Analysis: The story opens with a prologue. Many publishers are looking askance at that these days, but I figure, if the story needs a glimpse of some past event, that’s cool, so I don’t mind. But this prologue begins in past perfect, and I’m already thinking WTF? I mean, if the POV character of the prologue needs to start somewhere further back in time, why not just start the prologue there? At that deeper past point? But then, to make it even more confusing, in her past perfect remembrance, she drops even further back into a flashback, and I’m still on the first page, with my temporal elastic wound so tight that I come unstuck in time. I can’t tell when I am, or when she is, or which when she wants to be in. And somewhere in all that temporal double-think, my immersion bubble popped.
Analysis: A large part of those temporal fugues was the protagonist reviewing her memories of the factors that had led her to her current situation, and as regular followers will know, this is one of those opening clichés that I am particularly sensitive to. Even if people did regularly take an inventory of the series of bad luck that brought them to the current moment, it’s still a dubious way to open a story, because I am not yet invested in the character, so it just comes across as some random stranger whining at me about their dratted luck. Definitely not the way to get me to sympathize with their plight. After all, whining isn’t exactly heroic. But it does break immersion.
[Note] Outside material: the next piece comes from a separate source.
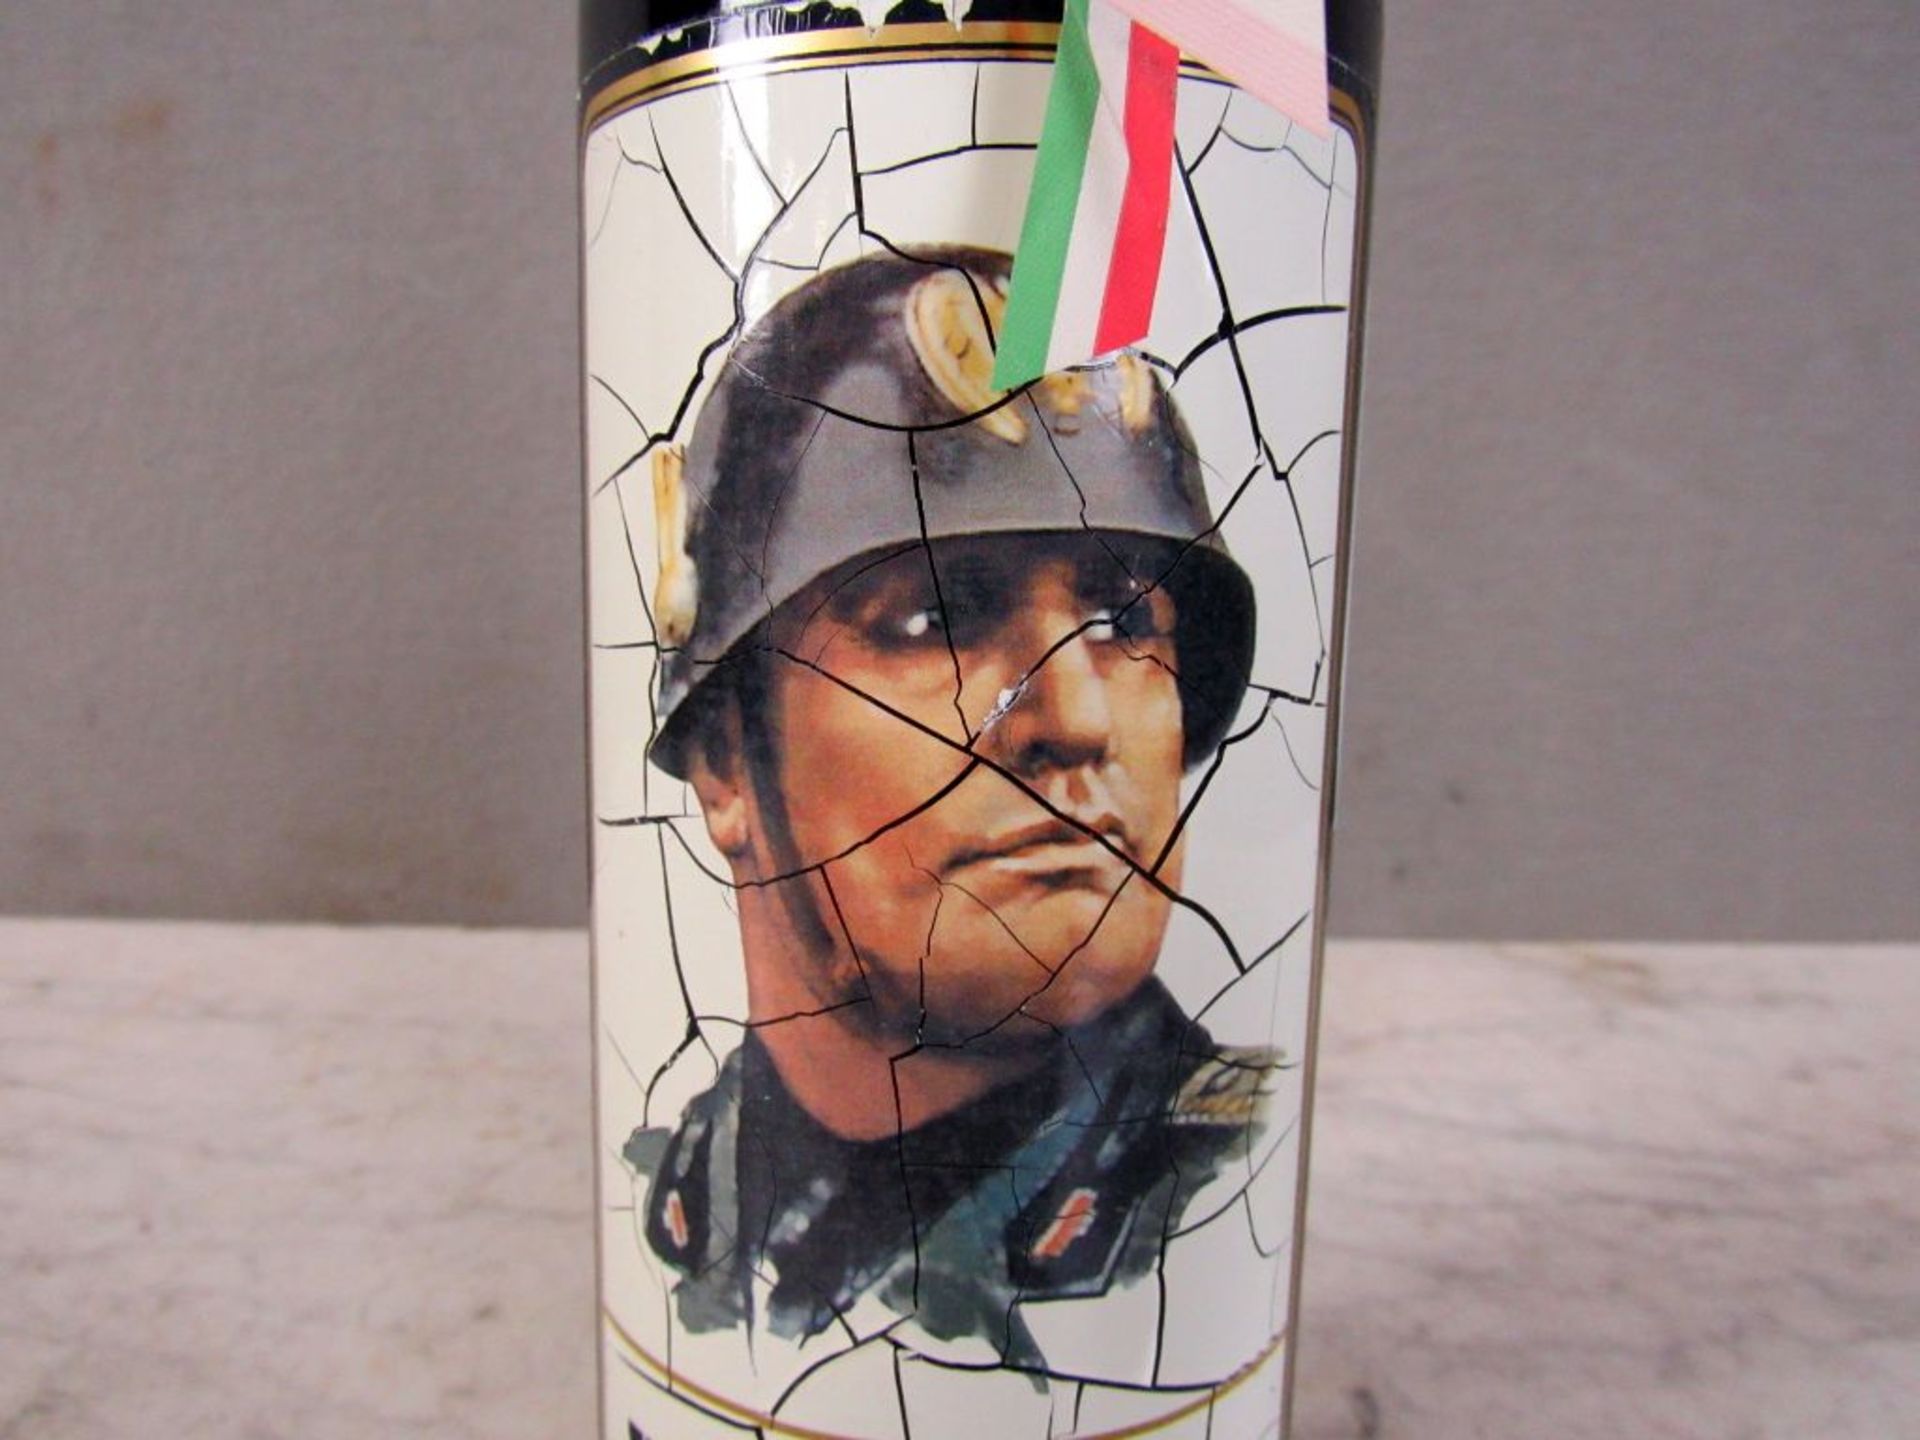 Wein Mussolini - Image 3 of 6

Analysis: So we have a force of roughly 800 soldiers and support personnel traipsing through hostile mountain terrain… And apparently they’re carrying firewood with them? A “triple load” no less, that they requisitioned before leaving home base. Somewhere at least back down the mountain, if not farther. 26 days ago. When I read that, I stopped short. Really? They hauled a month’s worth of firewood for 800 people through a frozen forested mountain terrain? Why? I assumed I must have missed something important, so I went back and checked. But the text backs me up. 800 people. Treed mountain terrain. 26 days. And a triple requisition of firewood that is now running out.
My mind boggles at how much wood that would require, which would now require more people to manage, which would require more wood, etc. I’m sure this is not a crucial point for the story, and if I were not counting immersion pops, I would probably have cut the author some slack here and kept reading a while longer, but the treadmill is a rigid task-master. Three pops and the clock stops.